OpenAI just announced [their agentic security researcher(https://openai.com/index/introducing-aardvark/). They named it Aardvark, which is either a reference to eating bugs or someone at OpenAI really wanted to be first alphabetically in the AI agent rankings. From OpenAI:
“Aardvark continuously analyzes source code repositories to identify vulnerabilities, assess exploitability, prioritize severity, and propose targeted patches. Aardvark works by monitoring commits and changes to codebases, identifying vulnerabilities, how they might be exploited, and proposing fixes. Aardvark does not rely on traditional program analysis techniques like fuzzing or software composition analysis. Instead, it uses LLM-powered reasoning and tool-use to understand code behavior and identify vulnerabilities. Aardvark looks for bugs as a human security researcher might: by reading code, analyzing it, writing and running tests, using tools, and more.”
I don’t know if it’s just me, but I’ve never really trusted SAST and SCA tools that claim to be able to identify vulnerable packages and code in my team’s products. The signal-to-noise ratio has been well off, and I’ve never been able to shake the feeling that their total lack of understanding of the application architecture and threat model renders the whole thing an exercise in performative compliance (aka the worst kind). You know, the kind of security theater where the SAST tool finds 47 ‘critical’ SQL injection vulnerabilities in your GraphQL API that doesn’t use SQL.
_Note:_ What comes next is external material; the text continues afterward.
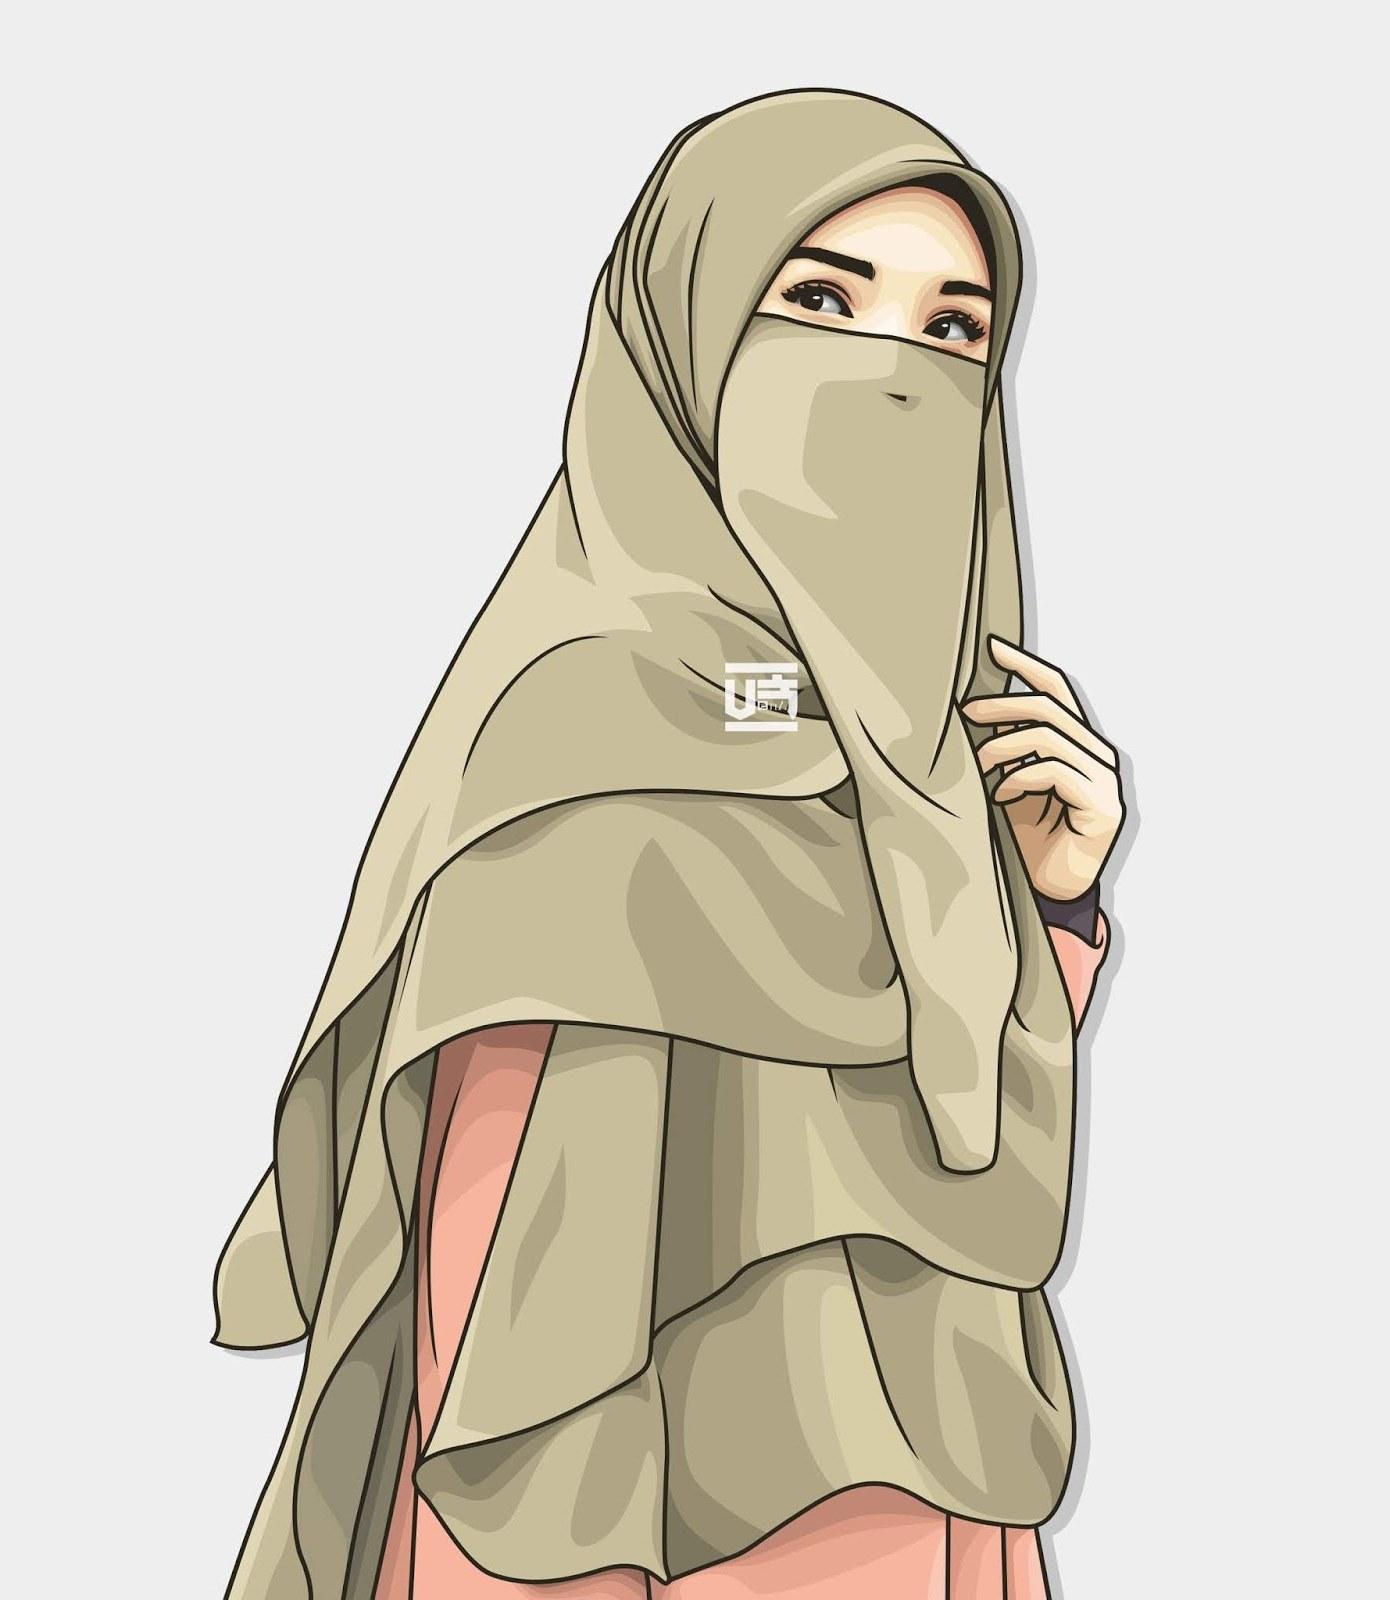 Design Muslimah Kartun Irdz Kumpulan Kartun Anime Muslimah Bercadar Blog Ely Setiawan
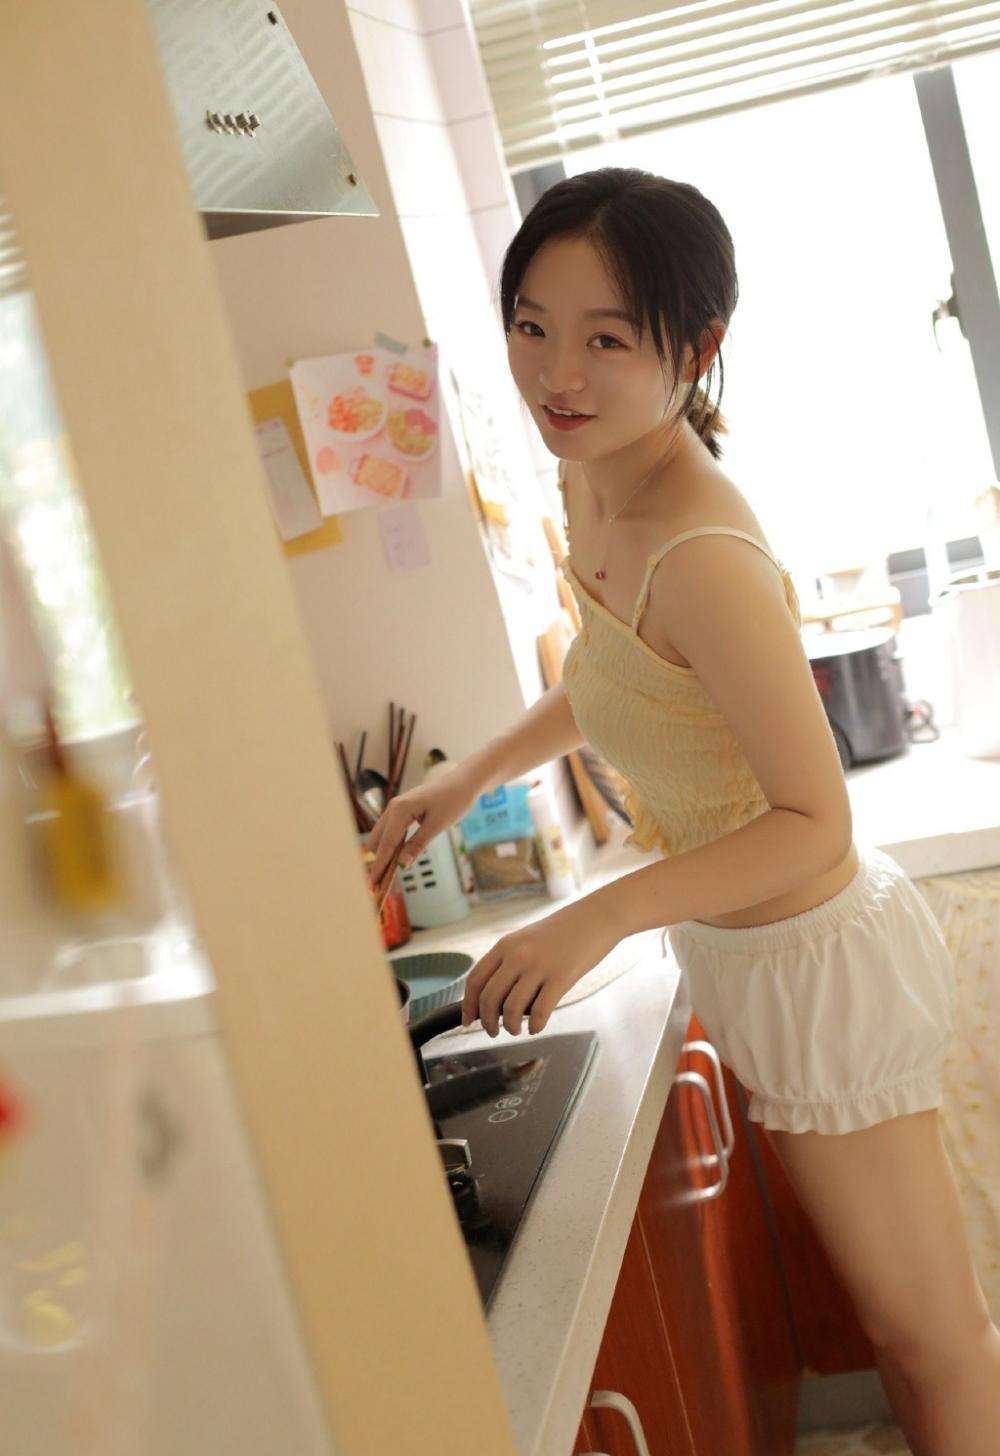 GIHK-003身材高挑纤细的制服女子细腰翘臀丰满爆乳惹火销魂图库

But does Aardvark know what matters? Does it know that your admin API is only exposed to VPN’d employees, or is it going to freak out that you don’t have rate limiting on an endpoint that three people use twice a month? I’m deeply, deeply curious about how the threat modelling part of Aardvark works - do you give it a filled out architecture (as code?) with STRIDE analysis, or does it infer it? How does it make sure that the vulnerabilities it identifies are for real?
A few months back, I played around with building my own security analyst agent with some interesting results. It found a few security issues with a product before it went out, but equally it identified a few theoretical issues that it swore blind were exploitable, but that weren’t really. My agent was like that friend who’s convinced every headache is a brain tumor - technically possible, but buddy, maybe it’s just caffeine withdrawal. Those findings needed to be investigated and took up a bunch of engineering time, ultimately for nothing.
Look, if Aardvark can actually reason about threat models instead of just pattern-matching CVE descriptions, it’ll be huge. If it can’t, it’s just another scanner with a more expensive API bill. I’m rooting for the former, but my money’s on a lot of confused engineers wondering why the AI is so worried about their internal monitoring dashboard.